More important, however, the labor and allied political activists who participated in and celebrated the 1995 palace upheaval rarely deal with the capturing of the black vote by political elites who do not have their best interests at heart.

This truism is largely verboten territory. The established black political class would surely resist it. Further, to confront it would spoil the romantic illusion of a homogeneous and progressive-minded black America that has inherently virtuous political instincts.

Race guilt feeds this fear of offense in some measure, but the labor movement also fears forfeiting relations with the African American organizational milieu even though its leaders remain by and large uninterested in cultivating coalitions with the labor movement.

So long as most black voters can reliably be counted on to invest their fate in the neoliberal wing of the Democratic Party — tutored in that preference by their own religious and political leadership class — the prospects for a cross-race labor and left alliance will remain distant.

Of course, a majority of the labor movement also climbed aboard the Clinton train as it headed for the cliff. However, there was and is a substantial and growing Sanders wing of the labor movement. This remarkable development has unleashed a force that is exercising significant power in a party once again in at least a semi-molten state. Something like that hasn’t even been dreamed of since the days of Bayard Rustin.

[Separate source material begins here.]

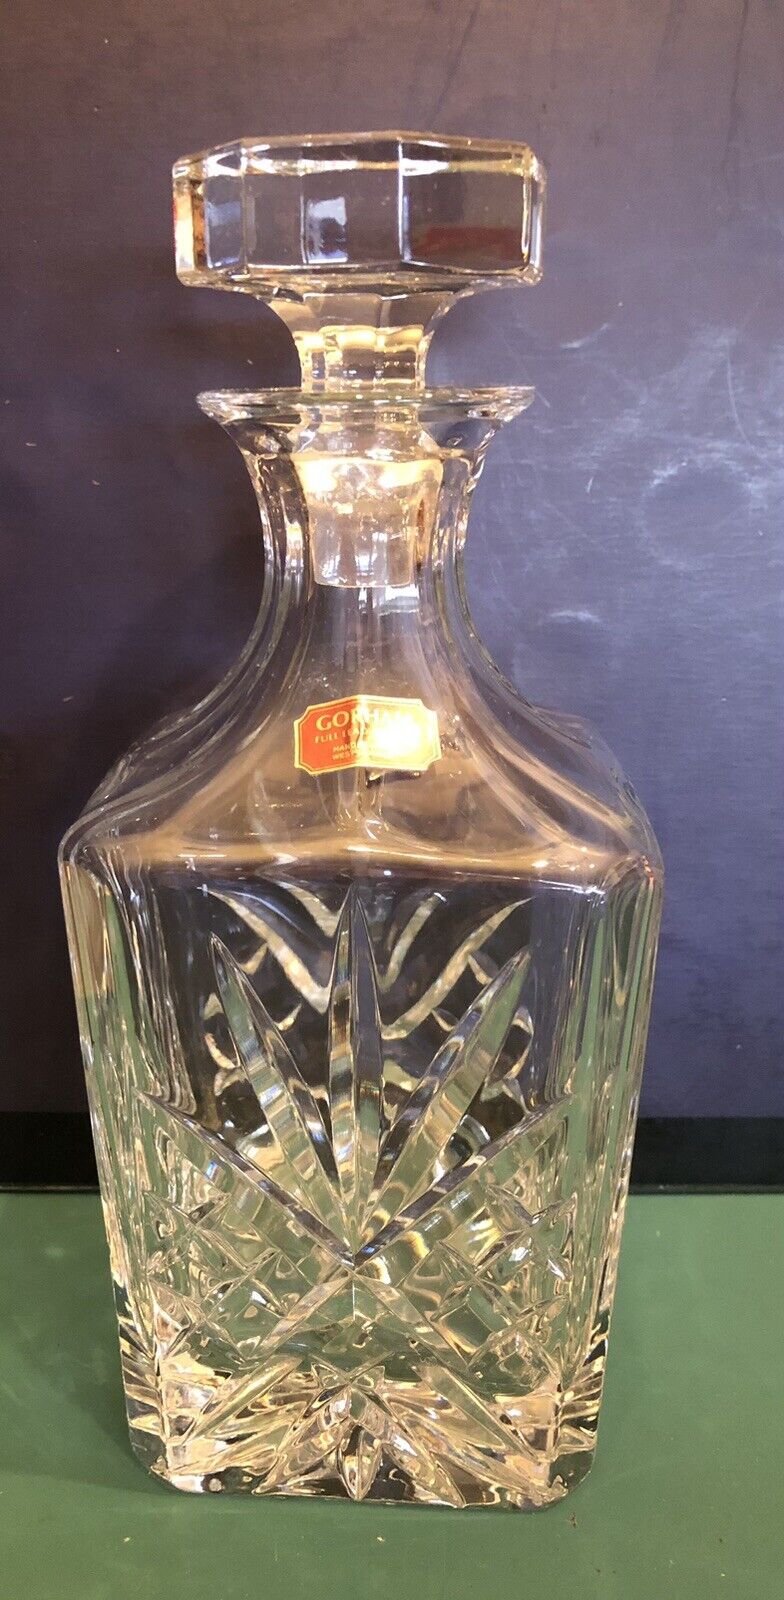 Vintage GORHAM Full Lead Crystal 9.75” Decanter Handcrafted In Germany

If the same organized divisions were to appear within the realm of African American politics, the I-have-a-dream moment of 1995 might have real legs. At the very least, we in the labor movement must attend to the internal social and political divisions within the African American and immigrant communities if we want to escape the prison of consoling delusions.

Salvage Time

Tragic beyond measure was how the labor movement hemorrhaged at its core, even before Sweeney stepped on stage. Its position as the collective bargaining agent of a largely white, industrial working class had been deteriorating for decades. Whatever responsibility the labor leadership bore for this fatal turn of events, is, in my mind, overshadowed by the nearly irresistible tides of deindustrialization and the fundamental shift in the balance of class power since the 1970s.

What could be counted on, until recently at least, was a certain political loyalty among workers to the remains of New Deal liberalism, at least during biannual electoral cycles. This was emphatically the case among the organized white working class, increasingly less so among the de-organized or the never organized.

That is no longer the case; among the most stunning results of the 2016 election was the fact that in strategic precincts throughout the industrial core more white workers voted for Obama — and did so twice — than pulled the lever for Clinton. One could be justified in seeing this as frightening or promising or both. No matter what, it represented the heavy price of abandonment. In these territories of dispossession, the politics of broad-brush resentment and revenge festered; so too did the politics of identity — particularly white identity. Trump harvested those social emotions.

That these same quarters expressed sympathy for Sanders suggests that they might have been pulled in a different direction had the labor movement managed to cultivate its roots in these devastated regions. In any event, the hopes of 1995 went there to die.

Is this salvage time? In the face of what’s befallen the country, hunkering down, holding on to what still exists by way of combat organizations, probing deeper into the whys and wherefores of what has transpired may well be the order of the day.

But events are outpacing anyone’s imagination, so the answer is profoundly unclear. What seems most forbidding now may suddenly rotate 180 degrees. Hopefully left movements won’t squander these opportunities as they did twenty years ago.